Attorney General Merrick Garland plans to regularly convene the Domestic Terrorism Executive Committee, an interagency panel that was formed in the wake of the 1995 Oklahoma City bombing to make sure agencies were sharing intelligence with one another. The committee faded away after the Sept. 11 attacks.

“Those at the local level, those at the community level, are often going to be best placed to be the first to identify the threats of violence that may emerge from new movements, new groupings, new rallying cries,” the White House official said. “We’ve gotten a lot better at that with respect to international terrorist threats since 9/11, and now we’re doing the work we need to do to get better at that on domestic terrorism.”

The administration has sought to move quickly on prevention measures and began implementing some of its new strategy before it was even completed, Elizabeth Sherwood-Randall, Homeland Security adviser and deputy national security adviser to President Joe Biden, said at a virtual event hosted by the University of Virginia on Wednesday.

Sherwood-Randall briefs Biden daily on domestic threats.

“State, local, tribal and territorial law enforcement will have access to increased intelligence sharing and training on domestic terrorism and associated threats,” she said. “That includes, for example, enhanced training on domestic terrorism iconography, symbology and phraseology, as well as augmented information on how to recognize potential indicators of mobilization.”

Threats of domestic extremist violence are mainly coming from individuals or small groups, said John Cohen, coordinator for counterterrorism and assistant secretary for counterterrorism and threat prevention at the Department of Homeland Security, at an event with the Washington Institute for Near East Policy on Wednesday.
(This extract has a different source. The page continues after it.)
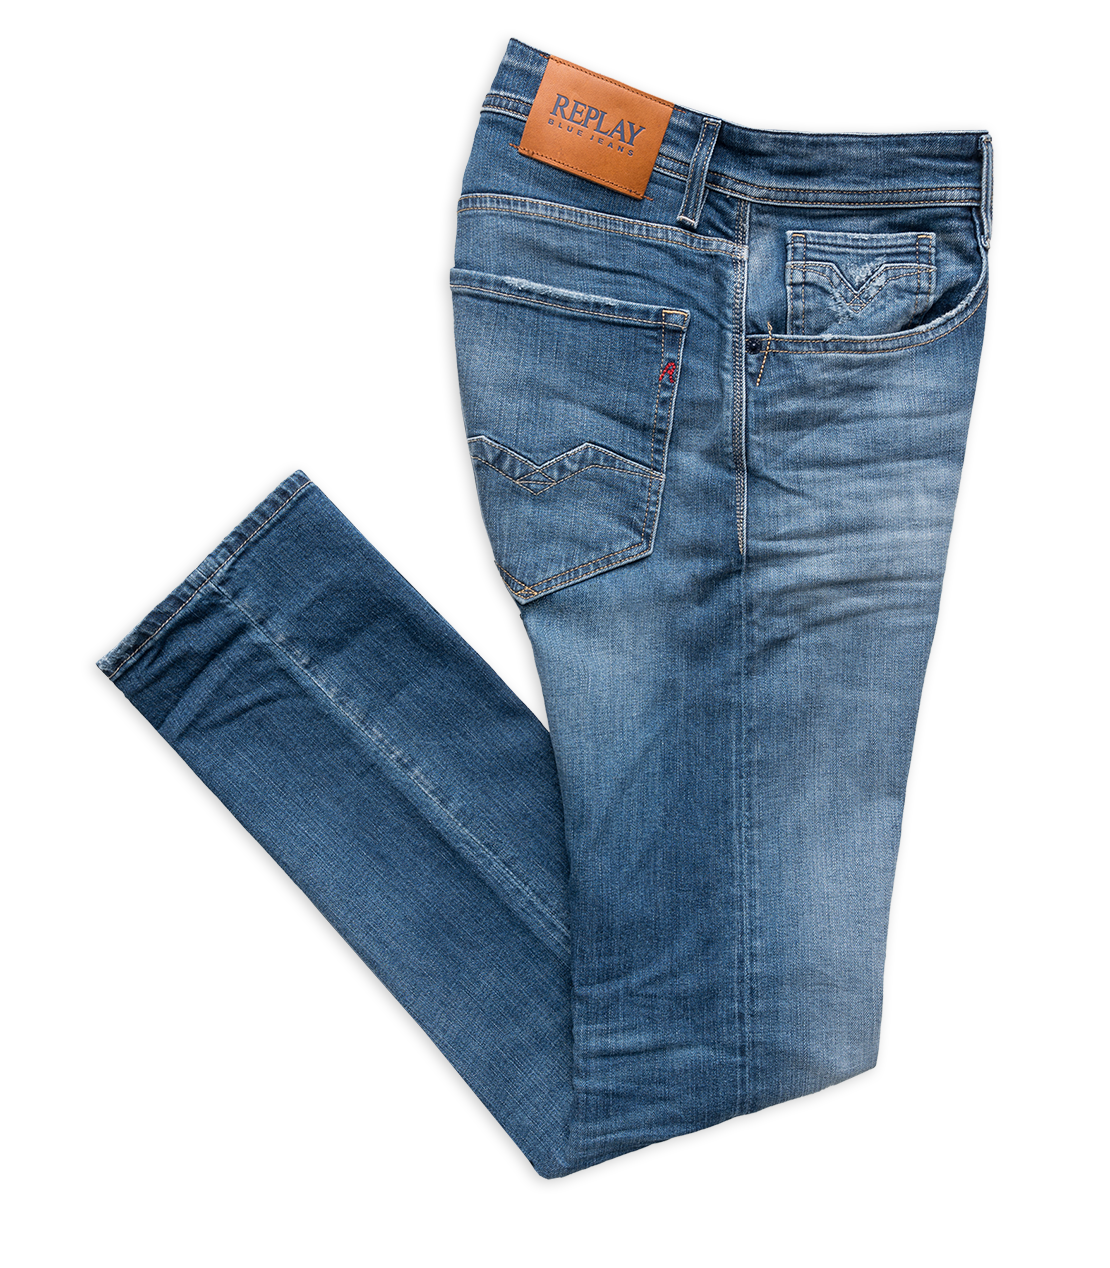 Replay Jeans Authenthic Preloved for Ladies

Their ideologies are often a hybrid of various conspiracy theories, making their motives and intent difficult to pin down for investigators who are trying to anticipate violent actions ahead of time, he said.

Intelligence agencies and federal law enforcement say that anti-government militants and racially or ethnically motivated violent extremists pose the most persistent and lethal threats.

“The problem is that this specific threat does not fit necessarily into neat definitional categories,” Cohen said. “And from an investigative perspective, that’s what makes things very complicated — because it makes it very difficult to discern what is precisely the motive behind an individual traveling down the path toward violence.”